Signal: Tiger Global, a $79 billion US investment fund, holds $69.7 million in Uxin stock. –

Why $UXIN could be valuable:

China is the world’s largest vehicle market, with a sales volume of 20 million units in 2020.

China’s used car market is in its infancy. Used car sales in China typically account for less than 30% of total vehicle sales. In the US used car sales are almost 70% of the total.

Used car sales in China have traditionally been depressed by a fragmented selling system, complex transactions, and low levels of trust in the quality and condition of the vehicles. Uxin is well placed to address these issues.

China’s government intends to double the used car market by 2025. Taxes on used car sales have been slashed to 0.5%, as opposed to 17% for new vehicles, and regulations on title transfer and cross-regional sales have been eased.

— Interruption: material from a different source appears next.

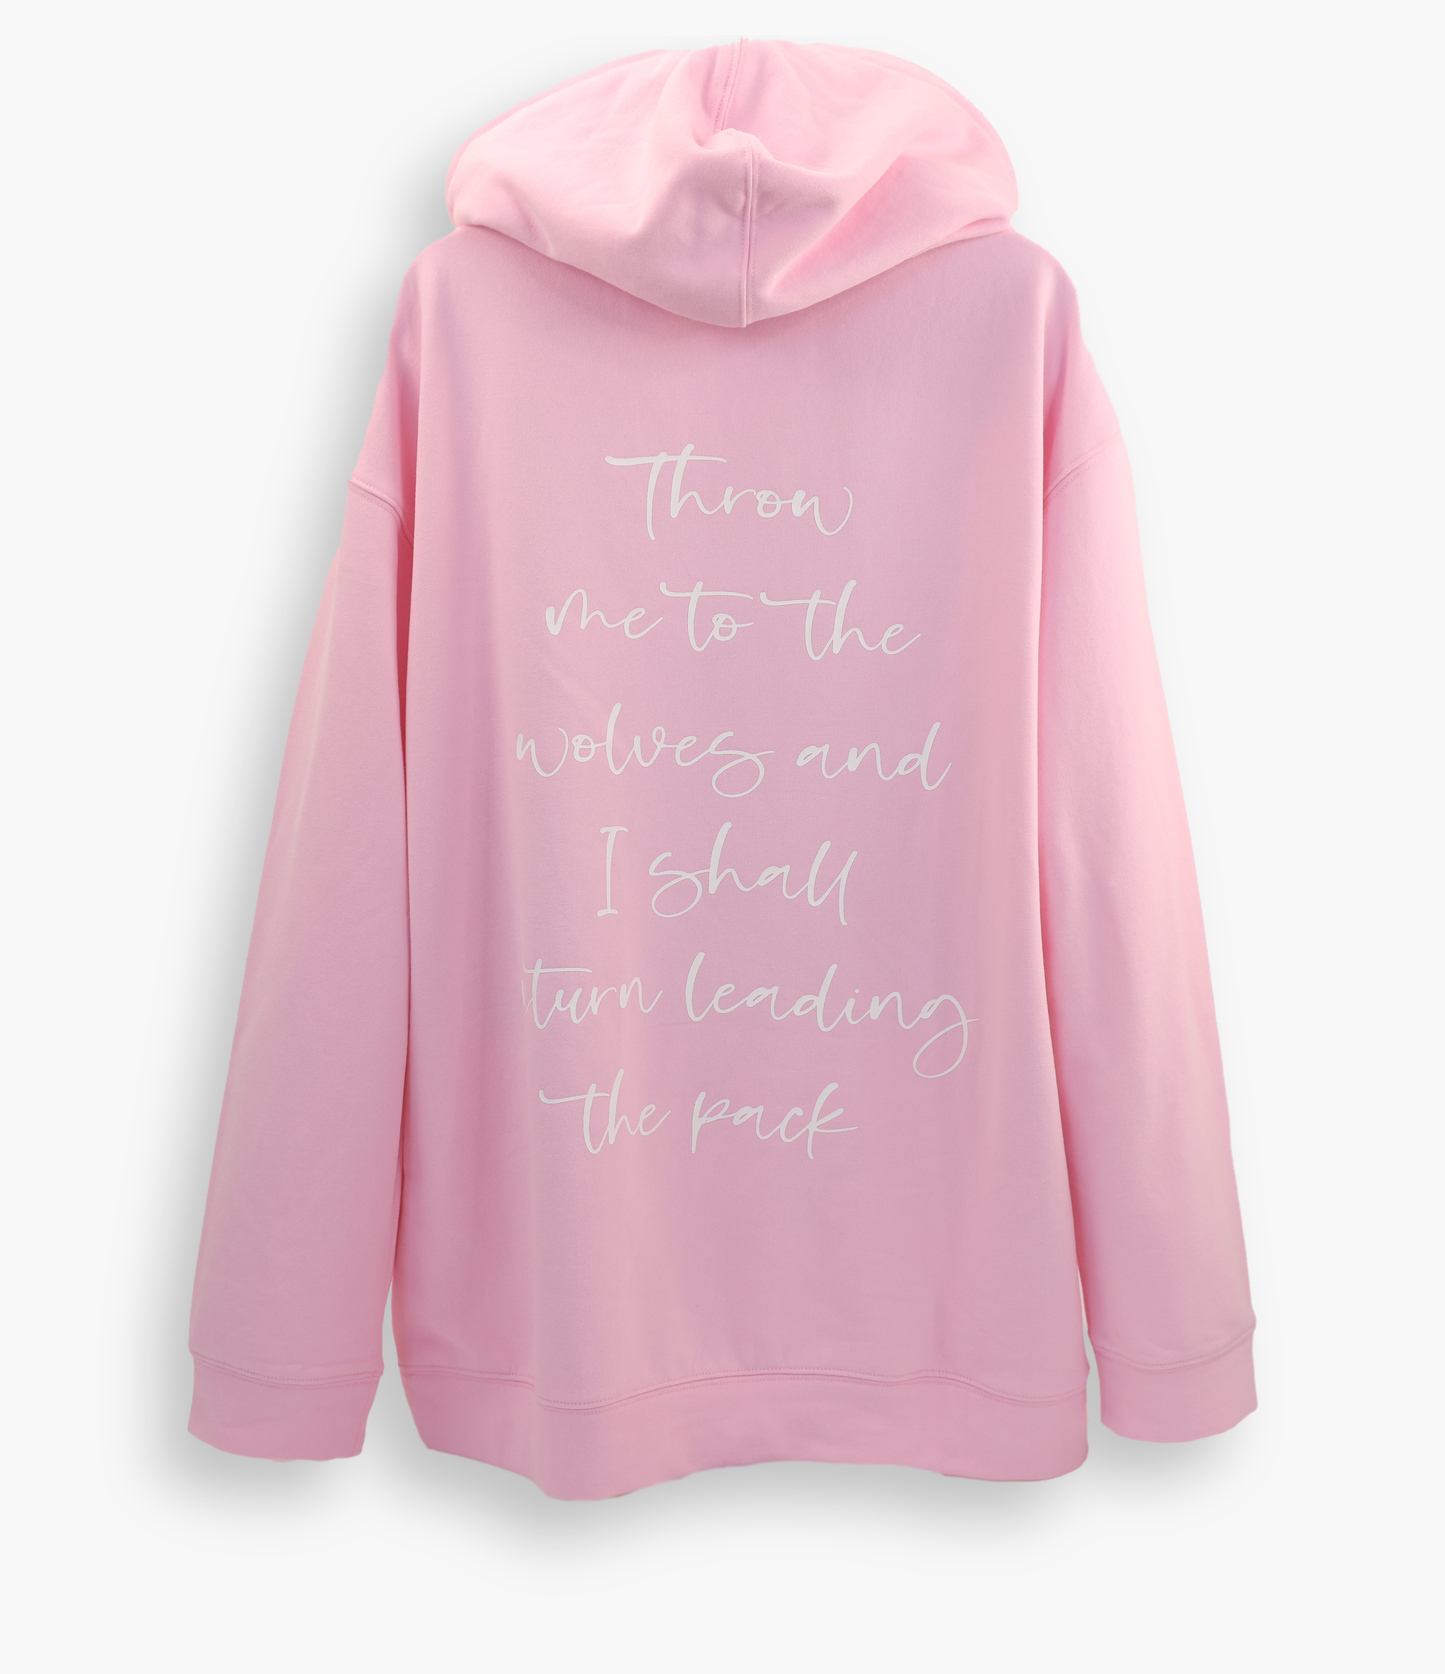 "Throw me to the Wolves" Hoodie with Crystal Drawstrings
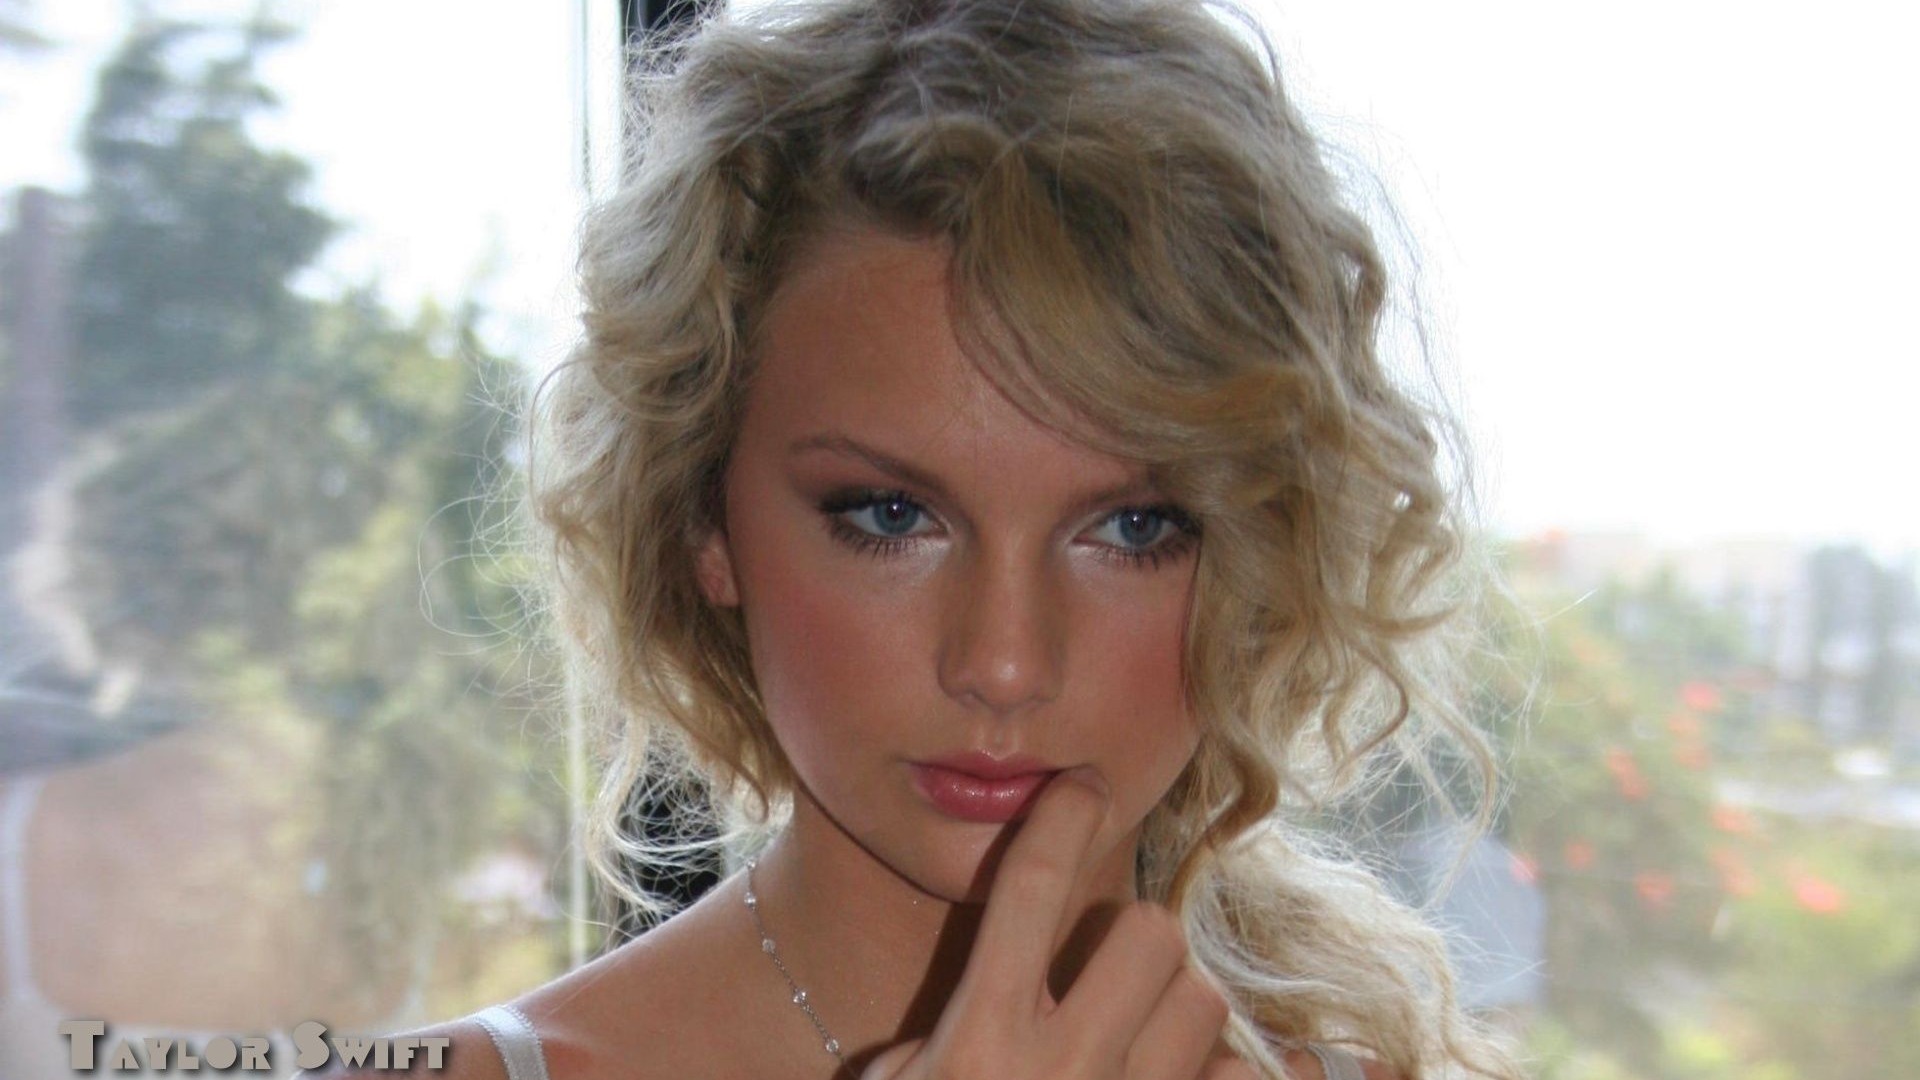 Taylor Swift #074 - 1920x1080 Wallpapers Pictures Photos Images

Uxin has been described as China’s largest used-car dealer. While volume has been reduced by the transition to an owned-inventory model, Uxin remains a well-recognized brand and is ideally positioned to capitalize on market growth.

What the risks are:

Uxin has never made a profit. The transition to a new business model is expected to improve margins and bring the company to profitability, but performance may not live up to expectations.

The US-China relationship is complex and the US government could place restrictions on the trading of Chinese stocks.

As China’s used-car market grows Uxin may face additional competition.

Uxin’s new business plan requires the integration of numerous value-chain components, many of which are new to the company. If the company fails to integrate these services and make them profitable, results could be affected.

Bottom line: Uxin is a prominent player in a market poised for significant expansion. High growth potential and the transition to a higher-margin business model puts Uxin in a strong position for long-term appreciation.